Exercise data below:
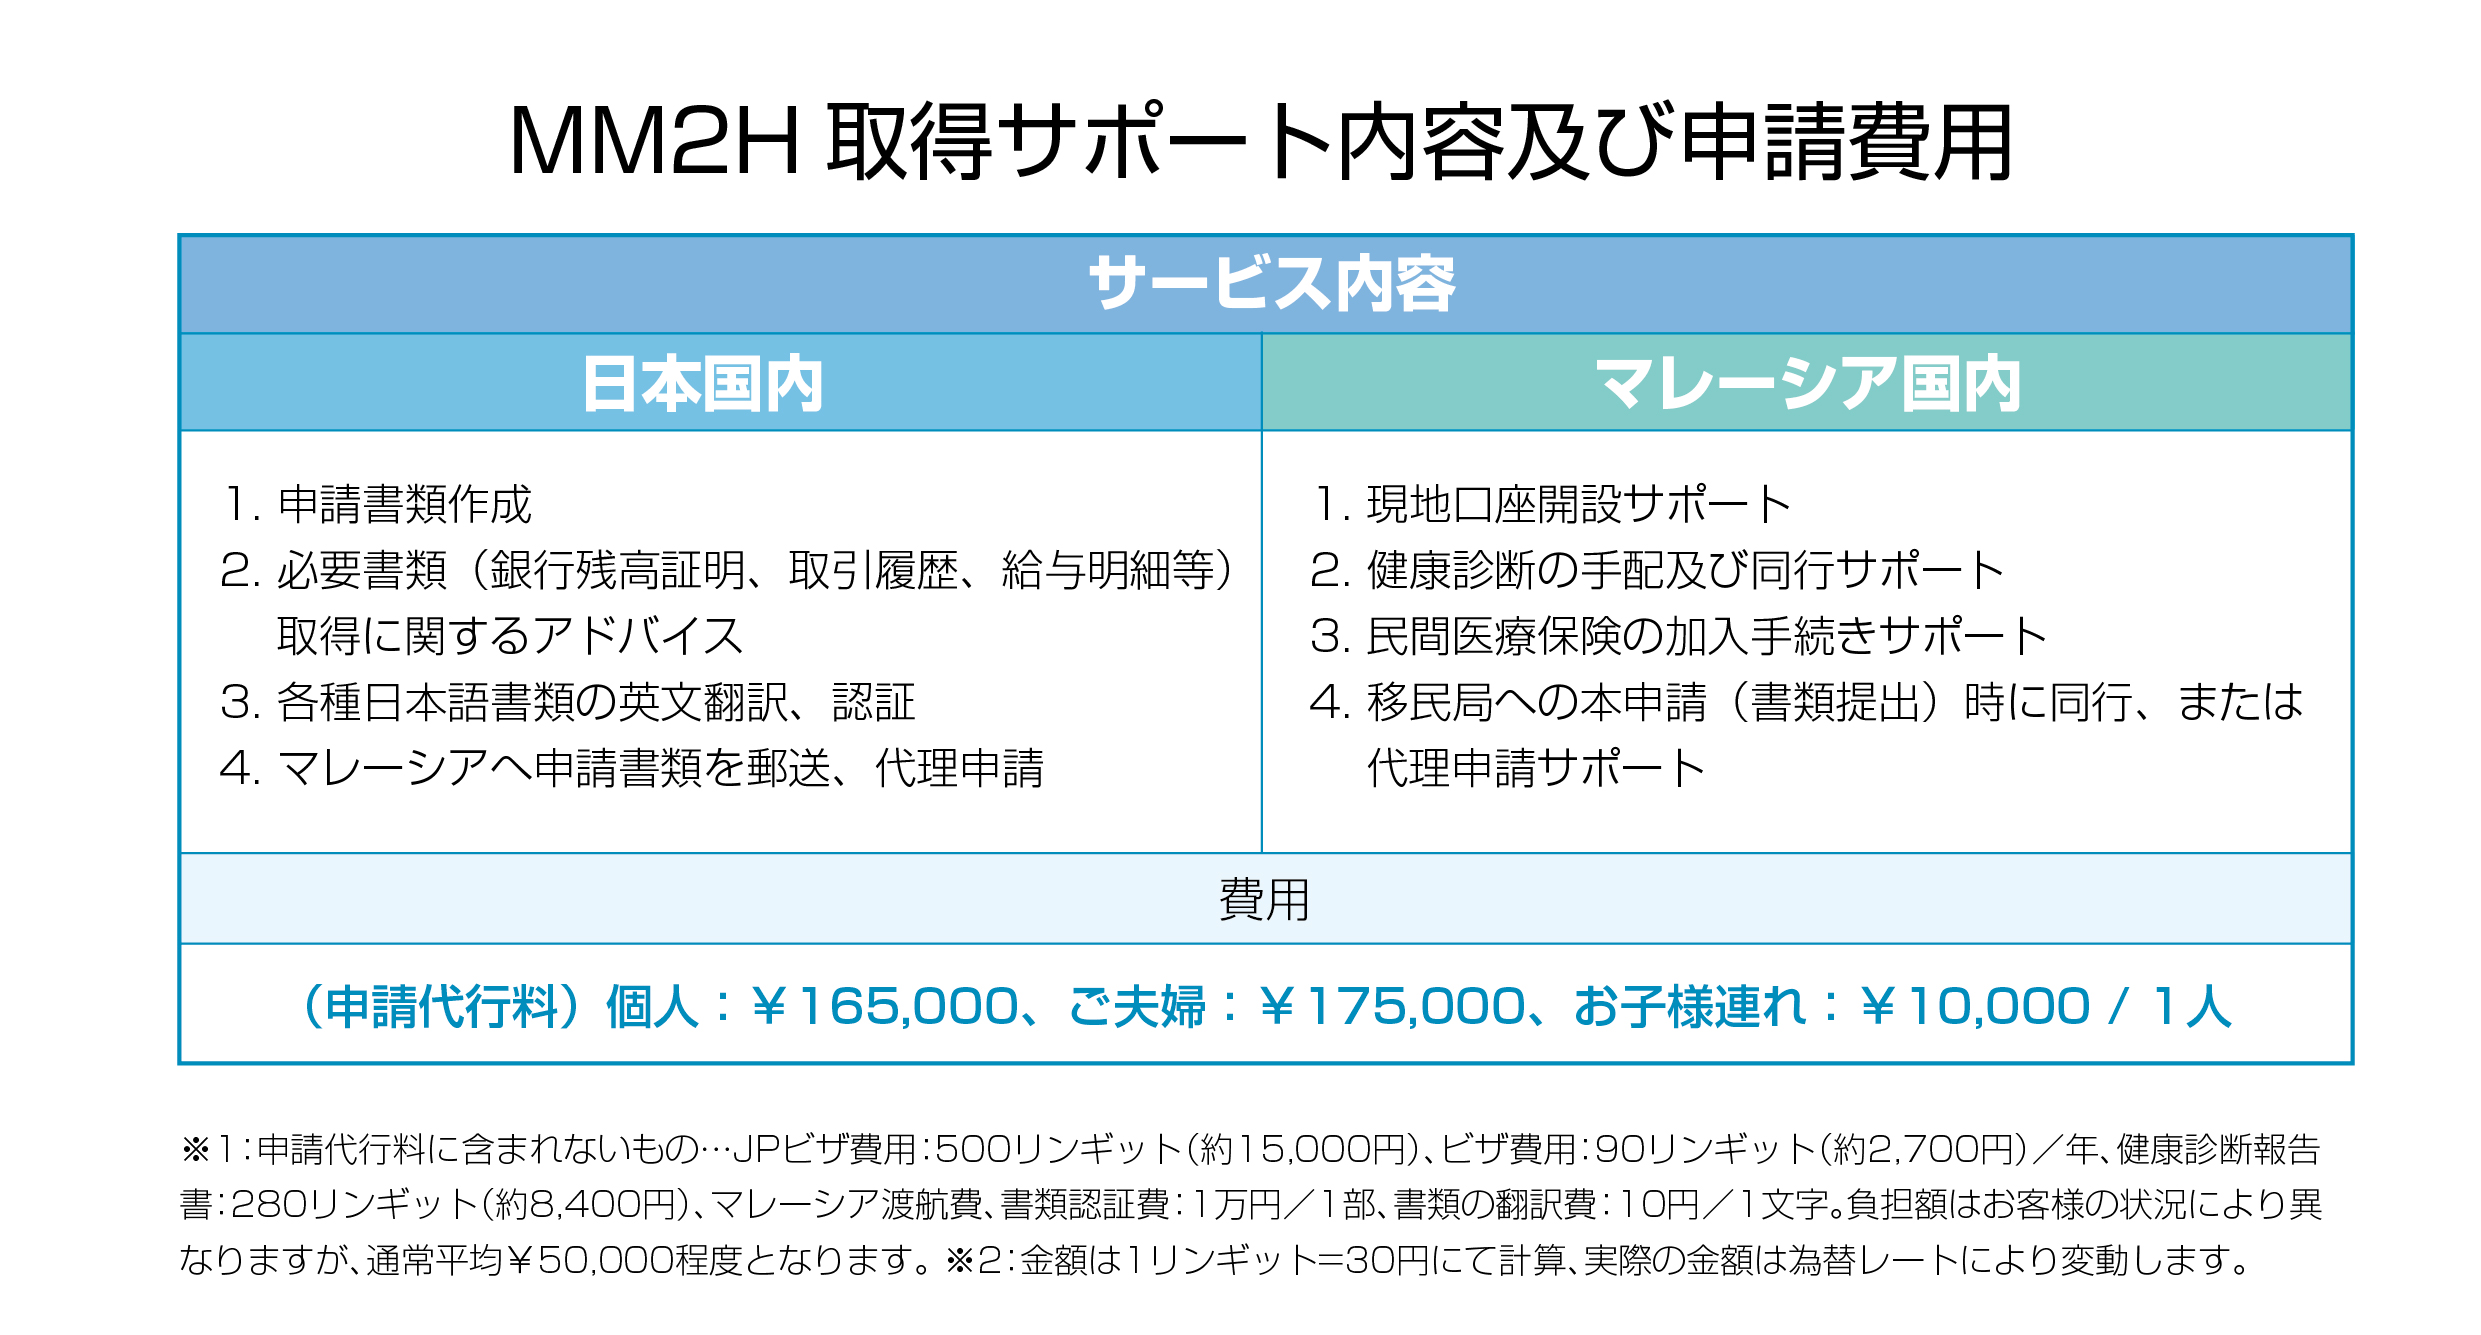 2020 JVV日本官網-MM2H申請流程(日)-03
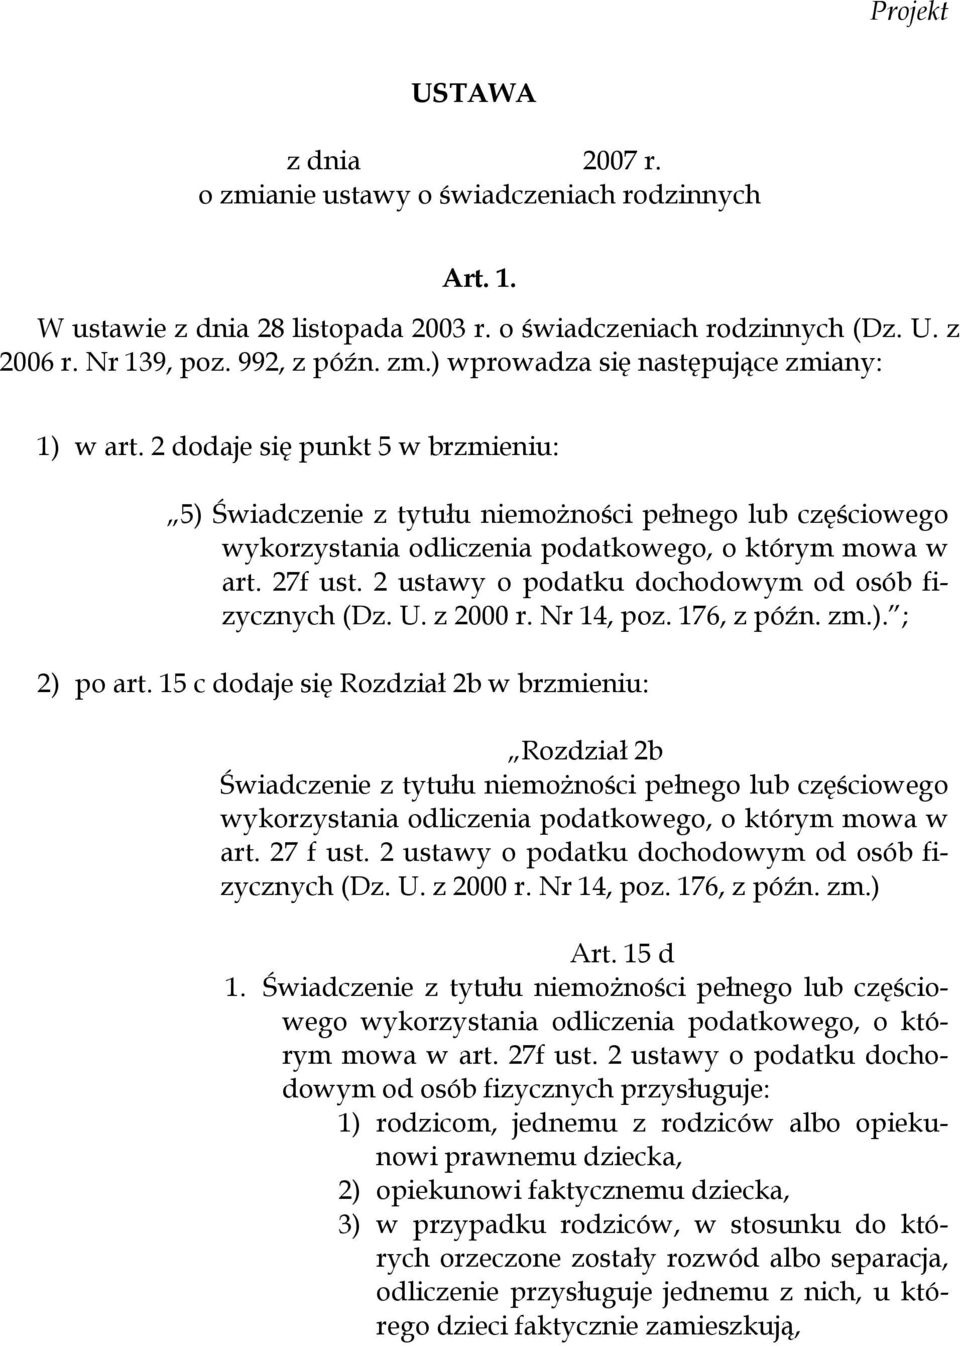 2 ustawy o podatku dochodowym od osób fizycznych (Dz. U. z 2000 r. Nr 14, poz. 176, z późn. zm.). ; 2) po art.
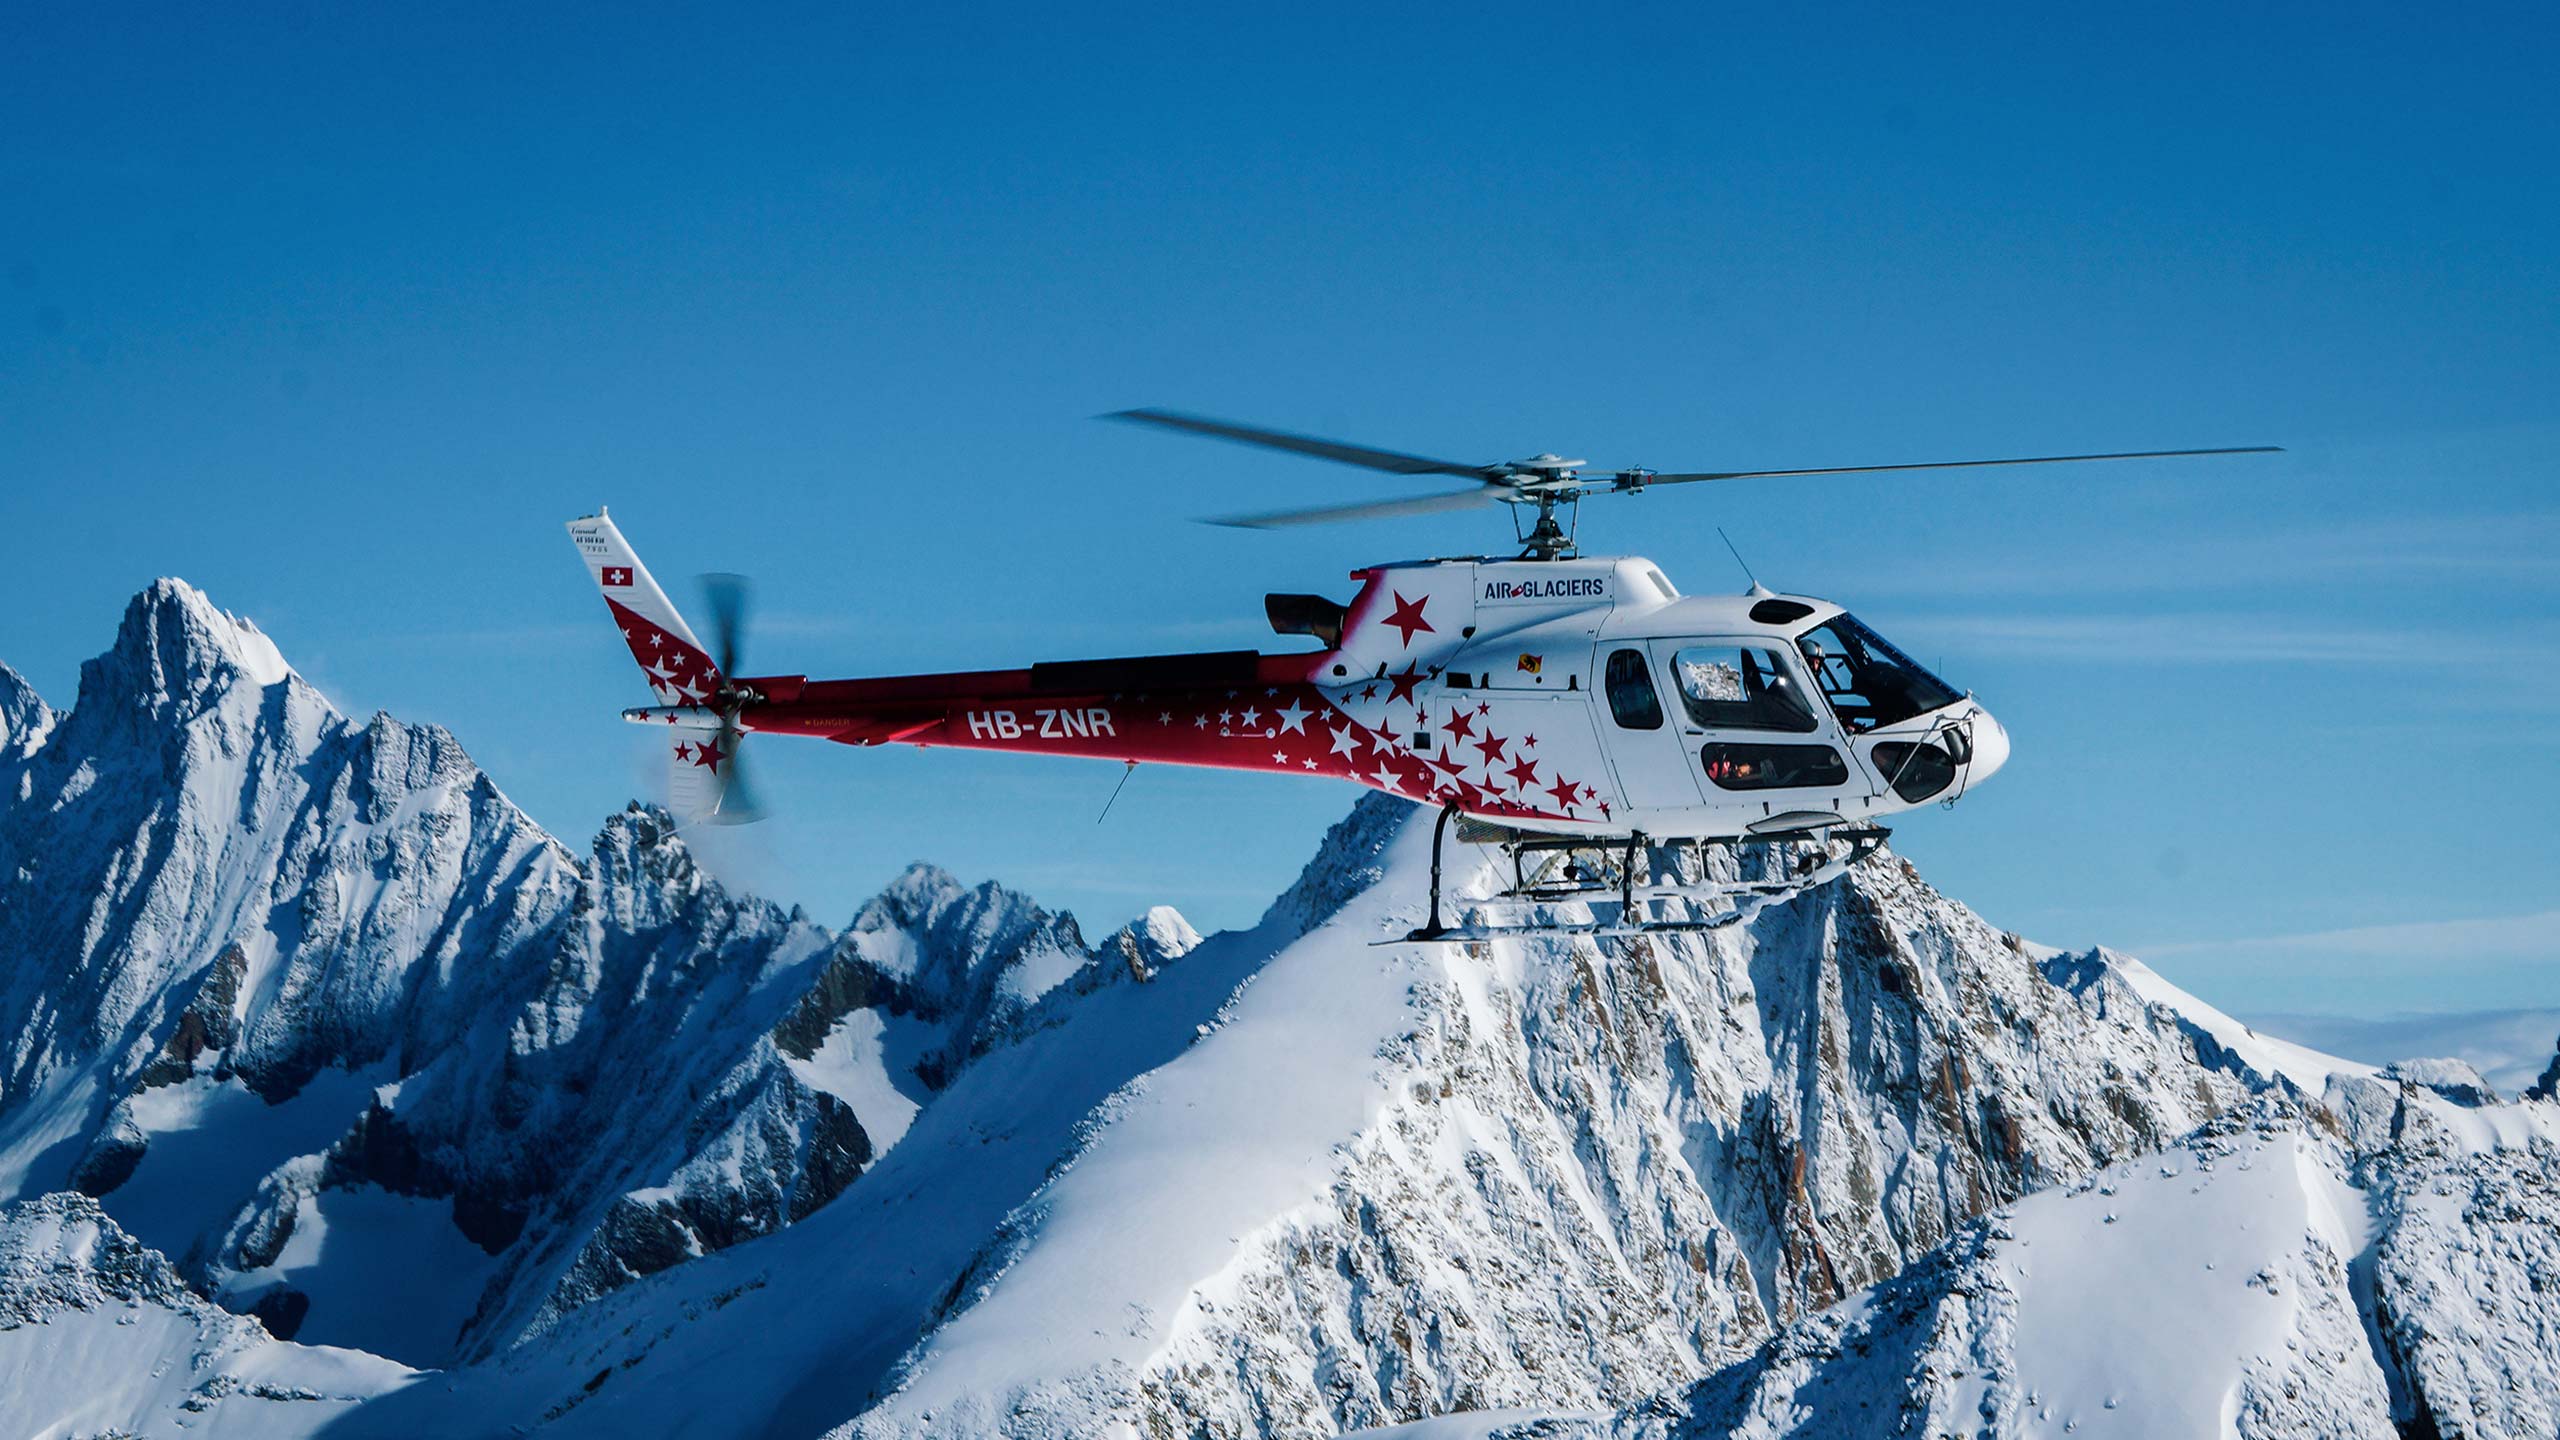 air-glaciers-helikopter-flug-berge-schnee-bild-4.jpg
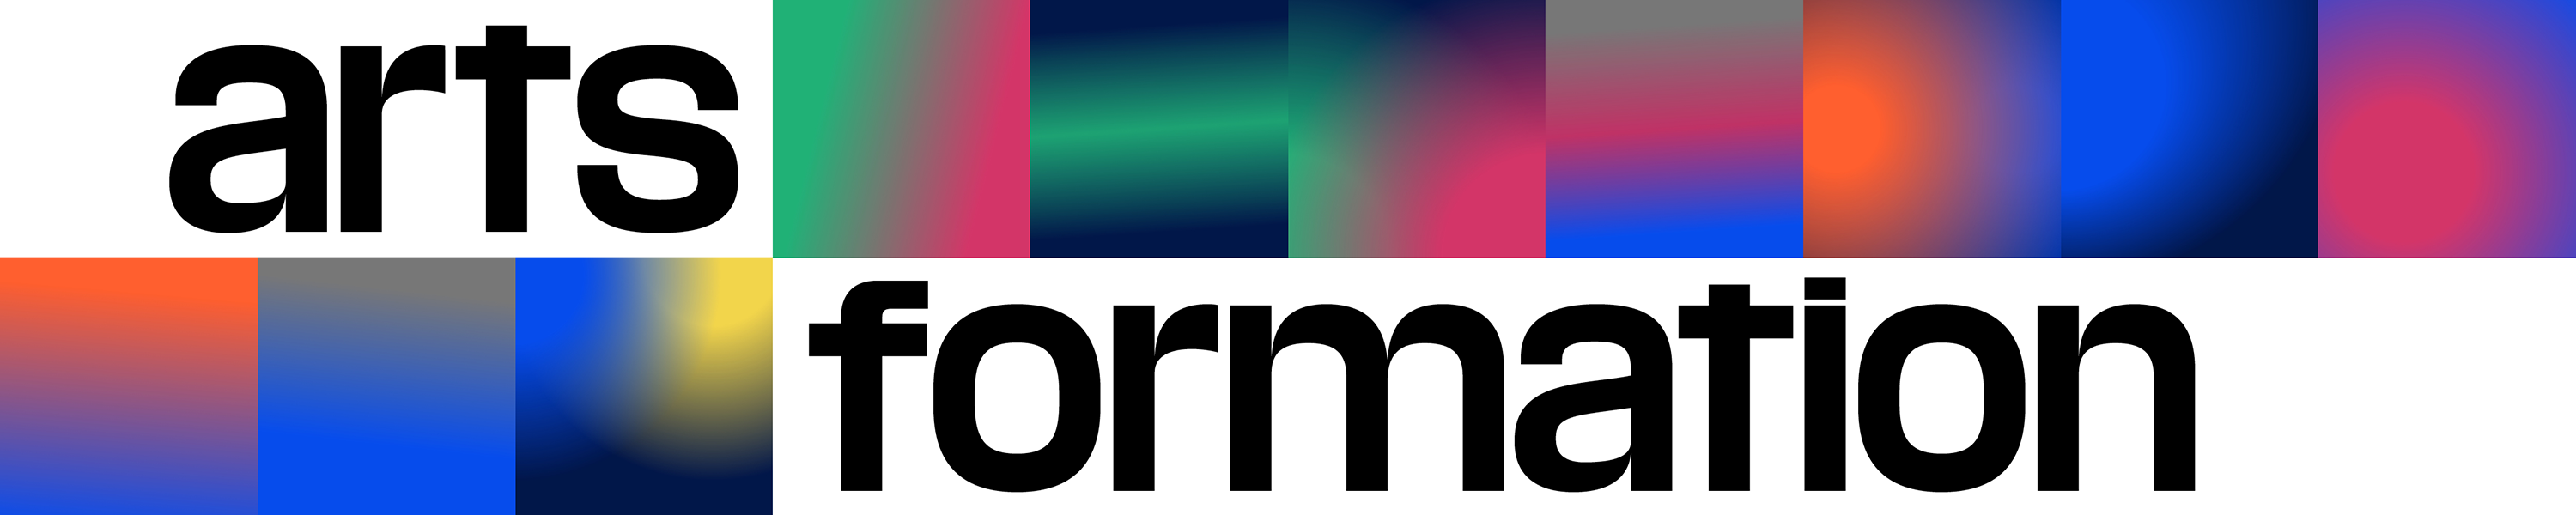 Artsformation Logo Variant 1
End of Exercise data.
■ **Exercise objective**: Transcribe the lines above exactly, setting aside any picture among them.

■ **Answer for this exercise**:
 2020 JVV日本官網-MM2H申請流程(日)-03
 2 ustawy o podatku dochodowym od osób fizycznych (Dz. U. z 2000 r. Nr 14, poz. 176, z późn. zm.). ; 2) po art.
 air-glaciers-helikopter-flug-berge-schnee-bild-4.jpg
 Artsformation Logo Variant 1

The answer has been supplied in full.